17 thoughts on “The Perils Of A Binational State

  1. Well said. When a ‘cold peace’ seems so far away, what hope is there for a ‘warm’ one – necessary for any binational solution. Linda Grant said it very well in a recent Guardian story ( http://tinylink.com/?GRJxUOe5rR ):
    To Gershon Baskin, co-director of the Israel-Palestine centre for research and information, the one-state solution is not utopia, but a recipe for genocide, “a plan that will, in my view,” he writes, “lead to decades of cross-communal conflict and bloodshed that will turn Israel and Palestine into Sarajevo. (In Israel/Palestine we have had some 3,200 deaths in three years, in Sarajevo the conflict cost some 250,000 casualties before people came to their senses.)” Already, there is “a new generation of Palestinian and Israeli young people living in fear and breeding hatred. The collective memories and stories of this new generation are being filled with anger and deep desire to see the other side suffer.”

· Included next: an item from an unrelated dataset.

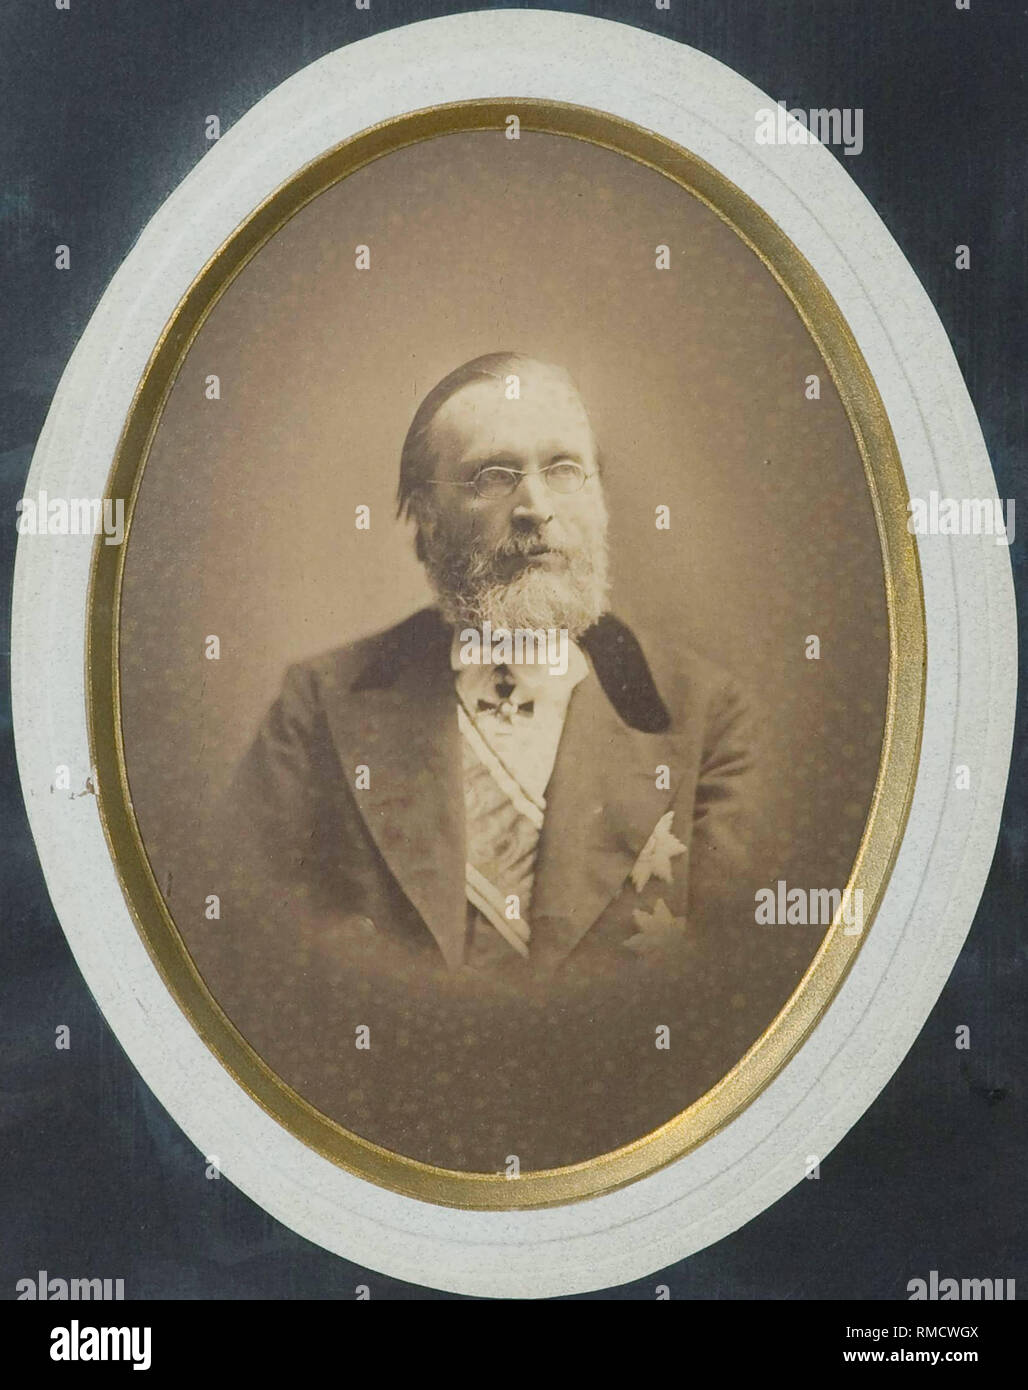 Portrait of the Author Vladimir Rodislavsky (1828-1885). Albumin Photo Stock Photo

  2. You know, I pretty much agree with you, Mobius, except that the two-state solution (and let’s assume here that all the settlements were ripped up or that one of the obvious land trades was made) would be so integrated economically and politically that they would barely constitute two states at all. Still though, it might take twenty years of that before they could merge into a single state. Then, after THAT, we have the anarchist revolution 😉

  3. “…antisemitism directed at both Jews and Arabs…”
    I’m not quibbling with anything else in this post, but could we please stop pretending ‘anti-Semitism’ was not a word coined specifically to refer to Jew-hatred and has very little, if anything, to do with other Semitic-speaking peoples.

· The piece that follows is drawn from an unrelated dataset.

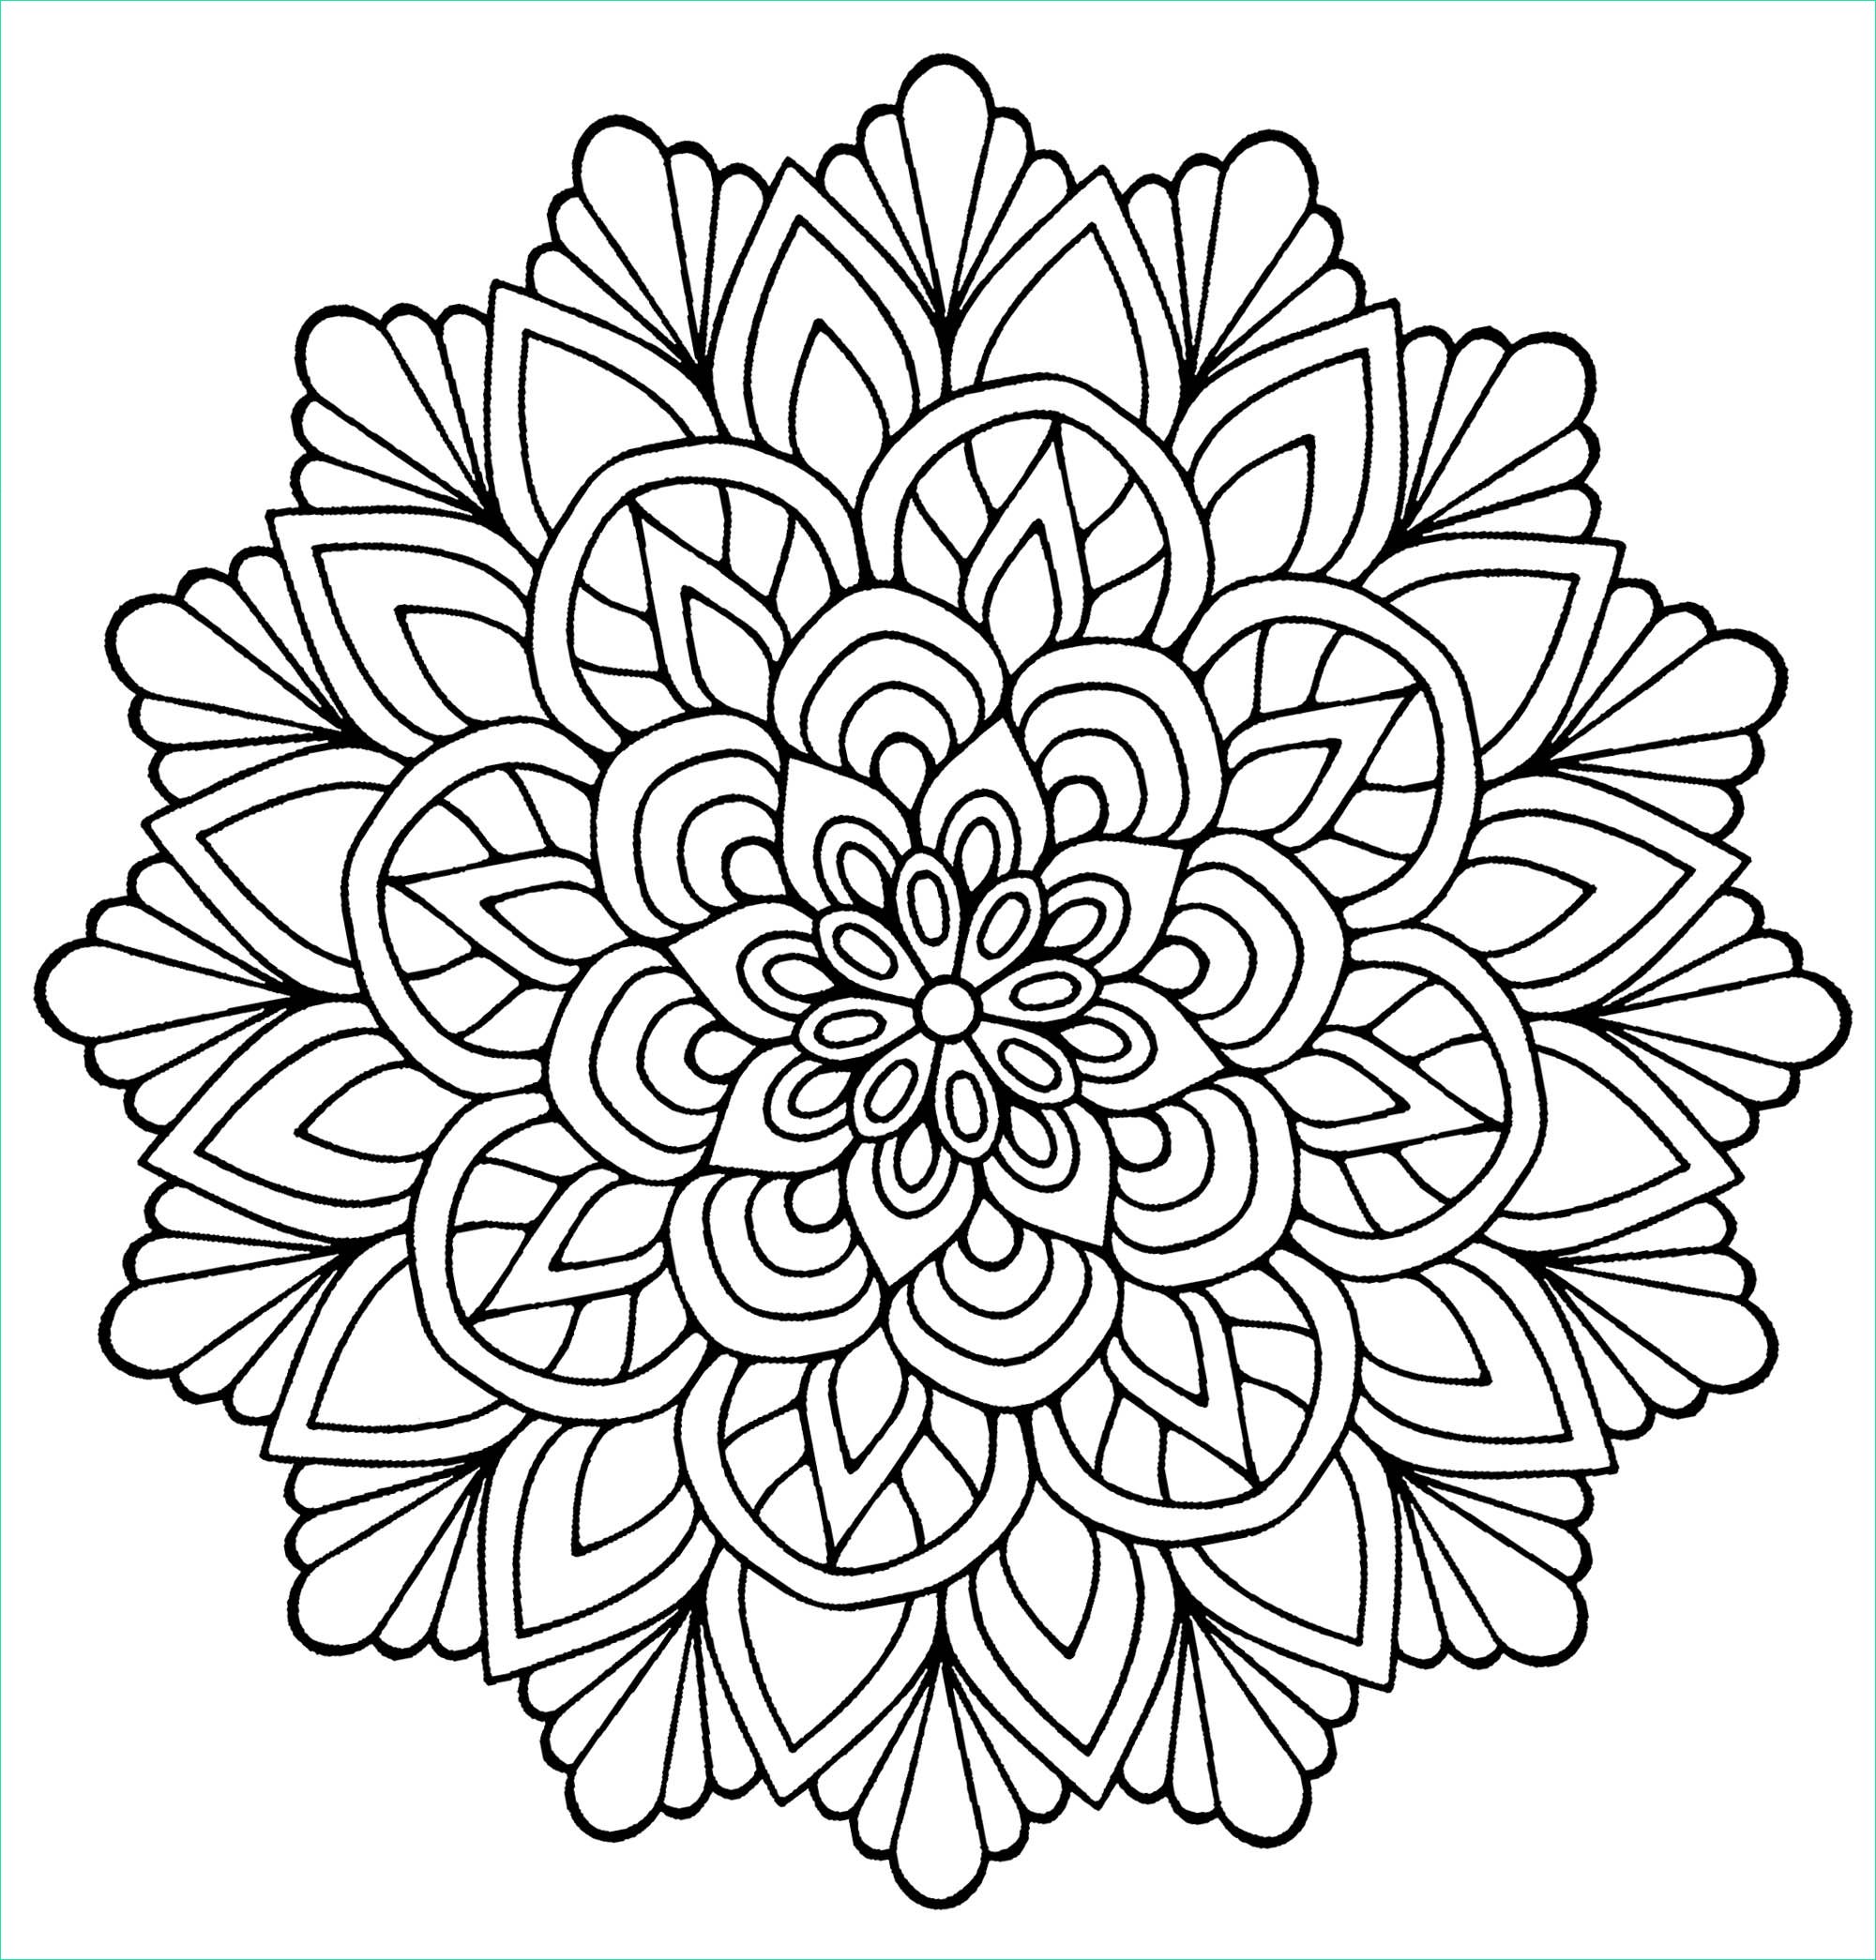 image=mandalas mandala flower with leaves 1

  4. Its cute to see, how when discussing israel, suddenly muslims and arabs become such huge fans of democracy. Their goals are so transparent its disgusting. They will even support, the much hated, democracy, in order to ensure there is no more jewish state.

  5. Gotta agree with Brad Pilcher. We need to confront the fallacy that Wilhelm Marr had any thoughts about Arabs when he founded the Antisemitic League, and added that word to the political vocabulary.
    Otherwise, the lyrics are strong and you can dance to the tune. I give it a 9.

  6. Daniel, you finally wrote something that made sense. G-d bless you. oy am I shlepping naches. Beautiful. G-d has answered my prayers. HAhah all u leftists I’m gonna get him back yet.

  7. welp, it didn’t get printed in arab news as far as i know, however, batarfi did include my letter in a mass-mailing he did of his column.

  8. one good example of the question of Jews living as minority, once again, in the ME, is how today’s Kurdish [among others] are treated.
    Another point I almost never see mentioned, is the right, just like the Palestinians, for the Jewish Mizrahim and other Jews totally indigenous to the ME who have been displaced by force from a dozen Islamic nations just as Palestinians were displaced. This is why I cannot understand anyone sympathetic to Palestinians who would deny an Israeli nation, and anyone sympathetic to Israelis who would deny a Palestinian nation. The argument – the foundation – of both ideas rest on the same hinges.
    [Of course, having a right to something and attaining it without negotiations, without peace, is not an option]

  9. Youre right, mobi. I forgot that many arabs dont put on the whole diplomatic show, and just call for israels destruction, outright. My brush was indeed too wide.